**What to produce**
Using the entries that follow, write out the line containing "Pinterest Clipart Cute", the line containing "Evian Mineral Water 1.5Ltr X 6'S", and every line between them, exactly and nothing else.

**Data records**
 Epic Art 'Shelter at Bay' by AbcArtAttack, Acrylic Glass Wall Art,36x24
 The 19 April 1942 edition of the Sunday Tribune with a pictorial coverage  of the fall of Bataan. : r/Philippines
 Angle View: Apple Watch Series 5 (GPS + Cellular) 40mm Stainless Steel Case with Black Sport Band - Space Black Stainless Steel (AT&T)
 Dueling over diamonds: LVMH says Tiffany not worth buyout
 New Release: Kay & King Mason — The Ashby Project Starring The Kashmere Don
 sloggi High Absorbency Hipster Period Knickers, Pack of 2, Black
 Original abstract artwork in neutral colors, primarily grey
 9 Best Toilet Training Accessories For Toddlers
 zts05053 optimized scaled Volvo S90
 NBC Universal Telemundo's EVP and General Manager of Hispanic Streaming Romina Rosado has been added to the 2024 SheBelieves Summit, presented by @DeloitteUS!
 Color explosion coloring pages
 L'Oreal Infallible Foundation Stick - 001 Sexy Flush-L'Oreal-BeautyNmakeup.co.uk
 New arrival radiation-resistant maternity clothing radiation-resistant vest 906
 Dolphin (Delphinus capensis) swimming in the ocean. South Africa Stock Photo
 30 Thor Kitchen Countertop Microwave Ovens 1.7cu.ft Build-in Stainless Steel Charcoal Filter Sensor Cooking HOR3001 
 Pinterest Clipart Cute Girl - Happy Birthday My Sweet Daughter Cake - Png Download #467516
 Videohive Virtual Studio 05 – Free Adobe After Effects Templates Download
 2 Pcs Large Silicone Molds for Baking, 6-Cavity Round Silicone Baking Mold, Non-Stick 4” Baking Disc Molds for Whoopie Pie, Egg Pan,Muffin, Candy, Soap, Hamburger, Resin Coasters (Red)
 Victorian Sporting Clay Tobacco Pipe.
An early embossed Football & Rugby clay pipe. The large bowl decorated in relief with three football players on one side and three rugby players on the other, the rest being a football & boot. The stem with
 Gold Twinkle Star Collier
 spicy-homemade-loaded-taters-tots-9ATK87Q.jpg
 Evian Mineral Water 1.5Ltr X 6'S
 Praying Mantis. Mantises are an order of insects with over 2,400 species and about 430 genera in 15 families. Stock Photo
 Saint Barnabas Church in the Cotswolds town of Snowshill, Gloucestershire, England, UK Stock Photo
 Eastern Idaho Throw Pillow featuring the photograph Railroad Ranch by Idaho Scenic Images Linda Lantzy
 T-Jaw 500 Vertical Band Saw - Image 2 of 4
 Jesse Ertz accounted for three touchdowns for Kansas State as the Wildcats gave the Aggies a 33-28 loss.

**Task output**
 Pinterest Clipart Cute Girl - Happy Birthday My Sweet Daughter Cake - Png Download #467516
 Videohive Virtual Studio 05 – Free Adobe After Effects Templates Download
 2 Pcs Large Silicone Molds for Baking, 6-Cavity Round Silicone Baking Mold, Non-Stick 4” Baking Disc Molds for Whoopie Pie, Egg Pan,Muffin, Candy, Soap, Hamburger, Resin Coasters (Red)
 Victorian Sporting Clay Tobacco Pipe.
An early embossed Football & Rugby clay pipe. The large bowl decorated in relief with three football players on one side and three rugby players on the other, the rest being a football & boot. The stem with
 Gold Twinkle Star Collier
 spicy-homemade-loaded-taters-tots-9ATK87Q.jpg
 Evian Mineral Water 1.5Ltr X 6'S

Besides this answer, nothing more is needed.